Picard understood the significance of Mehdi’s observation. However, it was Vayishra who expressed it out loud.

“It’s been more than a hundred years,” he said, “since an enemy has gotten within firing range of Earth.”

And back then, Picard noted, there was significantly less at stake—the fate of a single planet, not an entire union of worlds. If Starfleet Command were destroyed, the damage to the Federation would be incalculable.

“Command has decided that we’ll make a stand,” said Mehdi, “with all the firepower we can muster. The Antares, I understand, is in no shape to fight….”

“However,” Picard inferred, “the Stargazer is—and you want her to be part of the effort.”

“What I want,” said Mehdi, “is for you to be off studying worlds we’ve never seen before, looking for new forms of life and undiscovered civilizations. But under the circumstances, yes, I’d like you to be part of the Federation’s defense.”

Picard nodded. “Consider it done, sir.”

Mehdi fashioned a halfhearted smile. “Thank you, Captain. I’ll transmit the pertinent coordinates.”

Picard didn’t like seeing the admiral this way. He seemed to be carrying the weight of the entire Federation on his narrow shoulders. “We will stop them,” the captain blurted, attempting to sound as reassuring as possible.

Mehdi appeared to brighten a bit. “I trust you’re right,” he said. He looked around. “I’ve grown rather fond of this place. I’d hate to lose it.”

And his image vanished from the screen.

“This place,” said Vayishra, echoing the admiral’s words. “I wonder if he meant his office…or Earth.”

It was an ominous question. Picard didn’t have the stomach for answering it. Neither did Vayishra, apparently.

Picard turned to his colleague. “I hate to leave the Antares to her own devices.”

“Don’t worry,” said Vayishra, “we’ll manage. It’s the Stargazer I’m concerned about.”

Picard regarded Vayishra, wondering what, exactly, the fellow intended by his remark. After all, he was an ally of McAteer. Was he implying that the Stargazer’s captain wouldn’t be equal to the task in front of him?

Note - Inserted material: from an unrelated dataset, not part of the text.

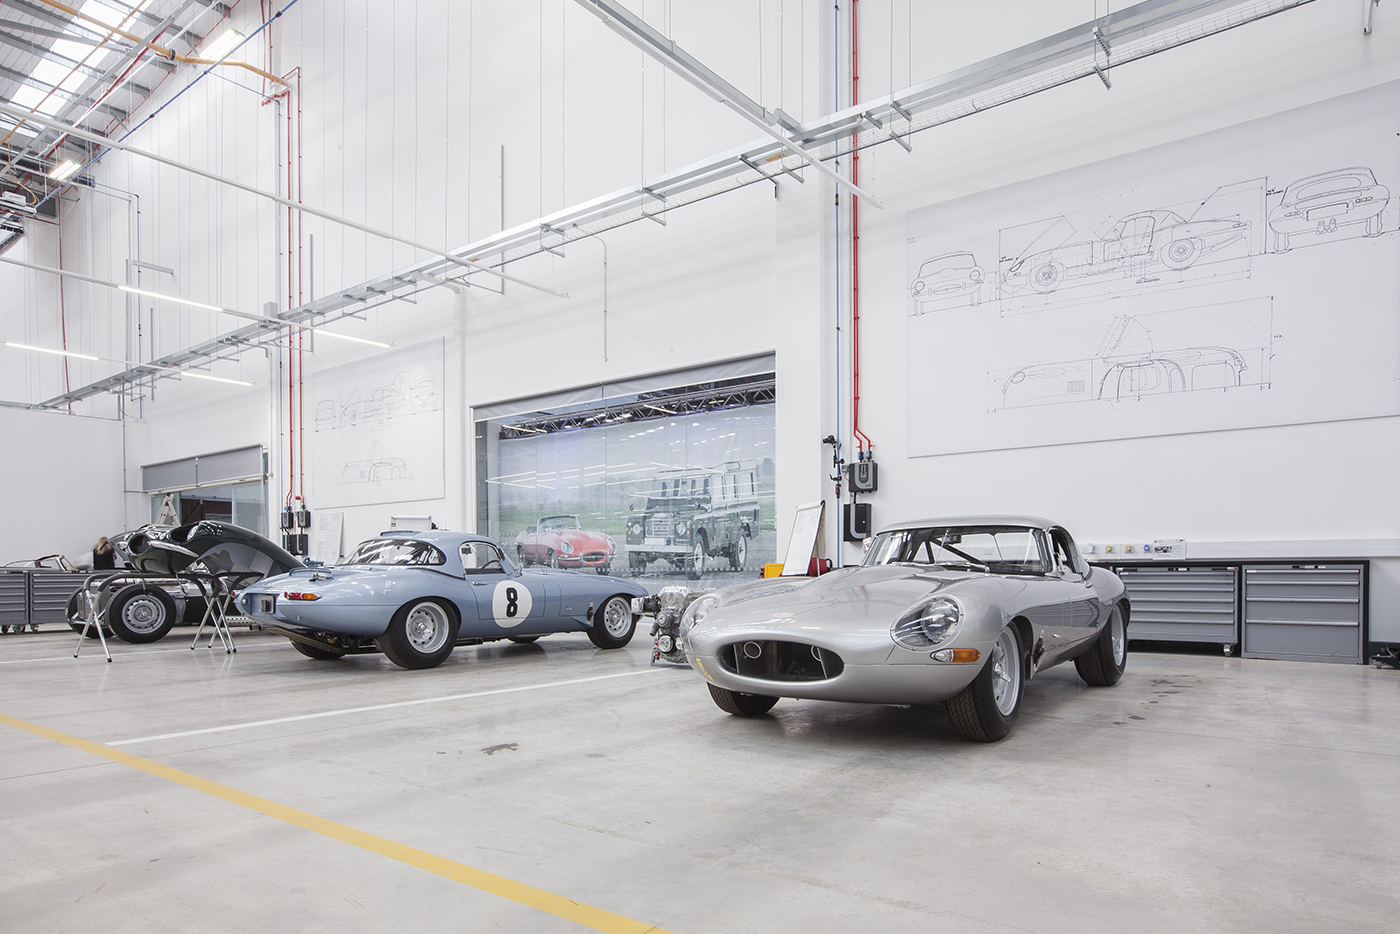 jaguar-land-rover-classic-works-9.jpg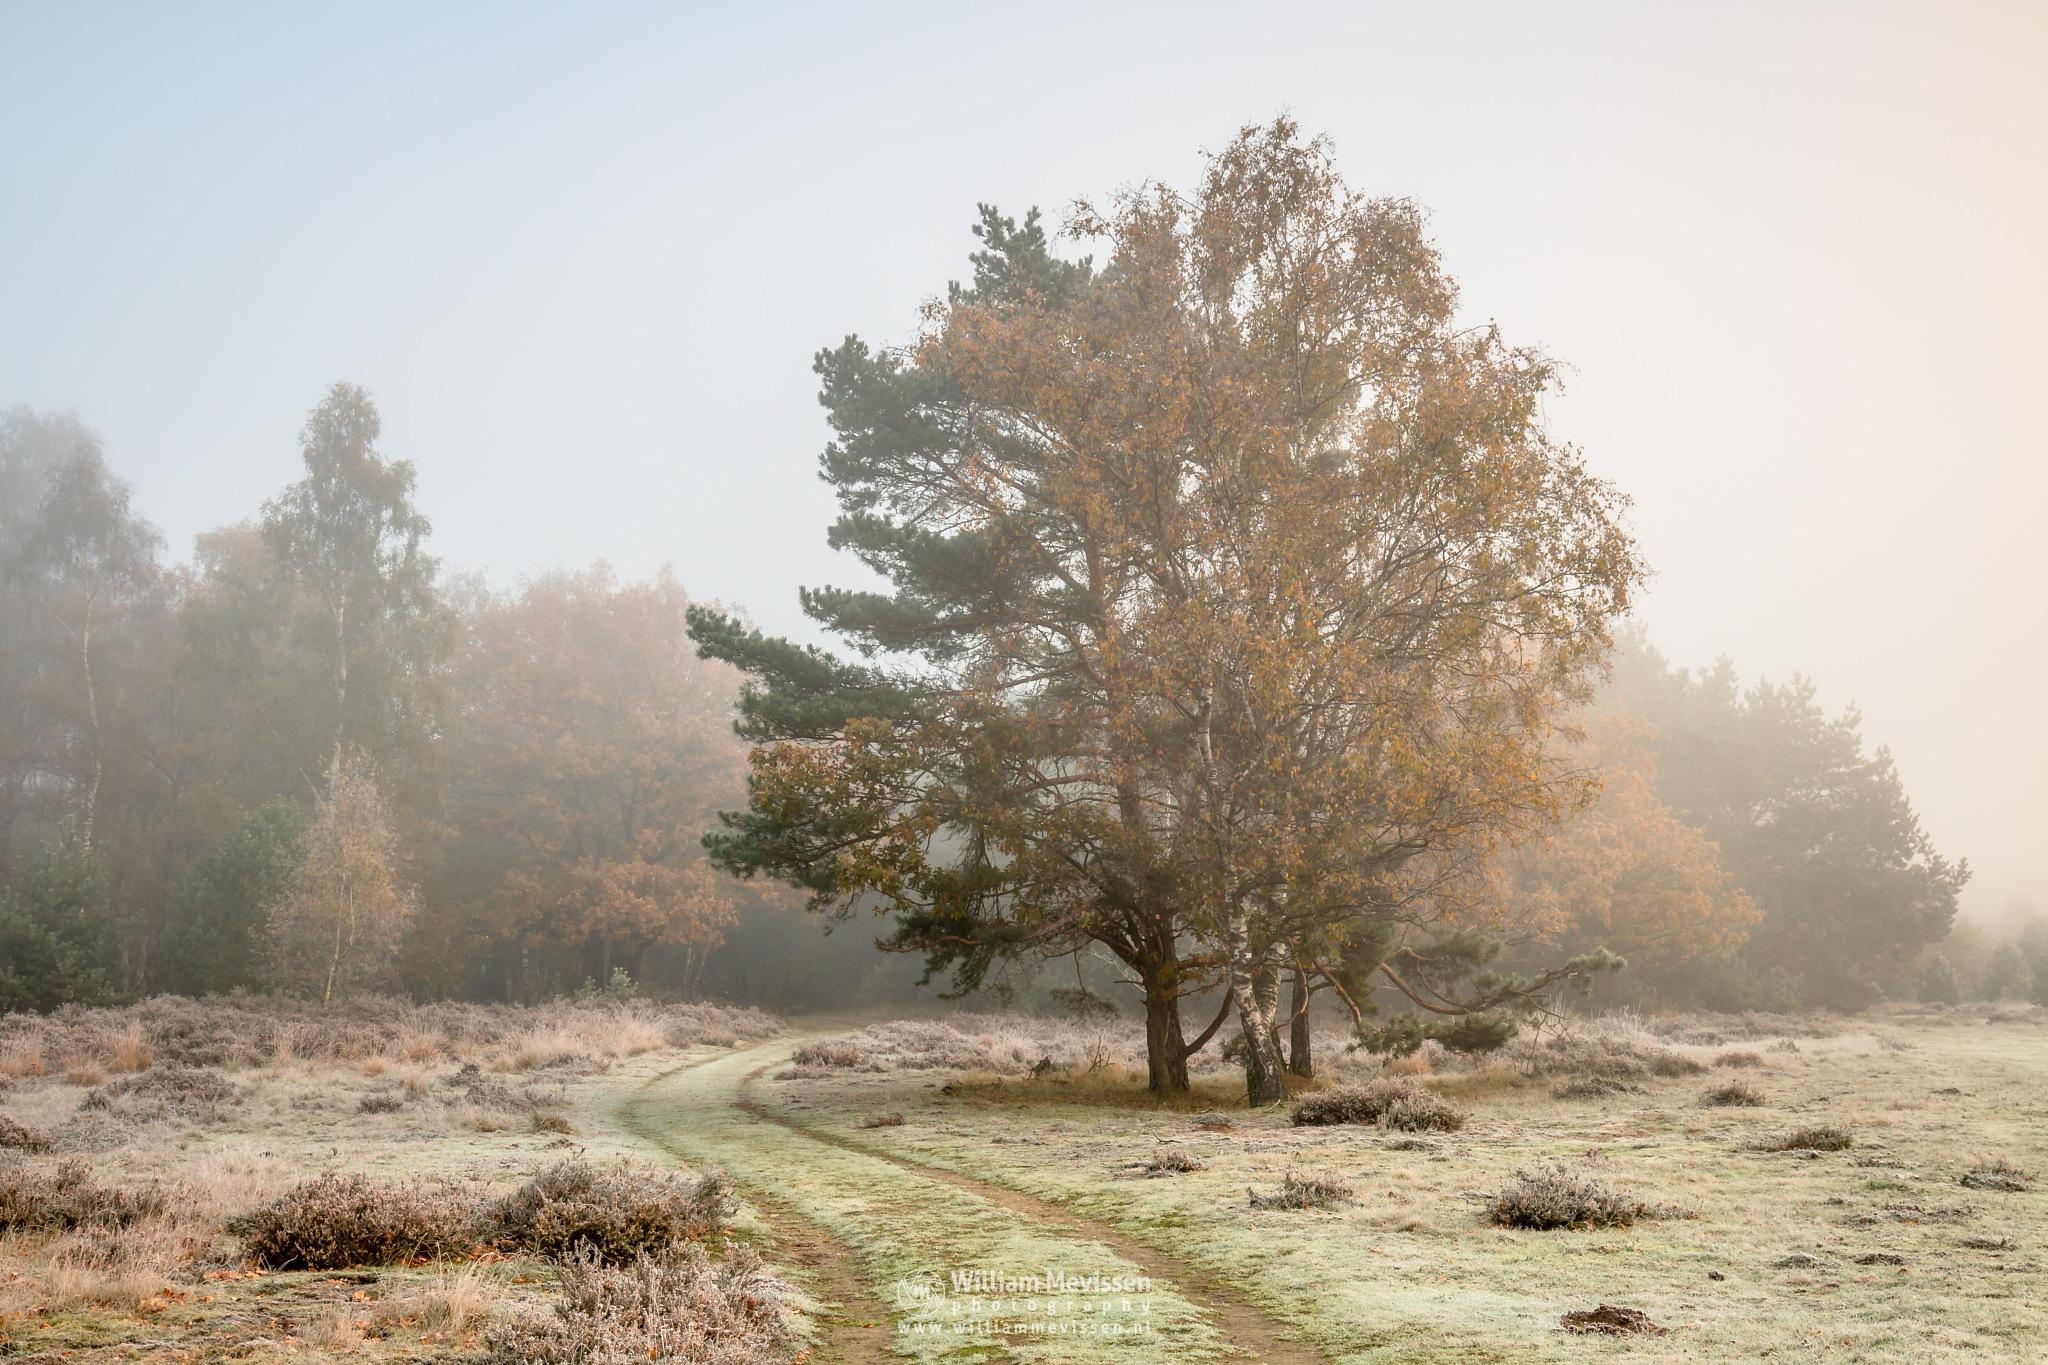 Autumn Colors In The Mist by William Mevissen

“We’ll manage as well,” he said, unable to quite keep the indignation out of his voice. Then he started for the exit.

“Picard,” said Vayishra.

Picard stopped and turned. “Yes?”

“All I meant was that you’ll be on the front line. Nothing else, I promise you.”

Picard took the remark at face value. “Thank you,” he told Vayishra. Then he turned again, and left engineering for the nearest transporter room.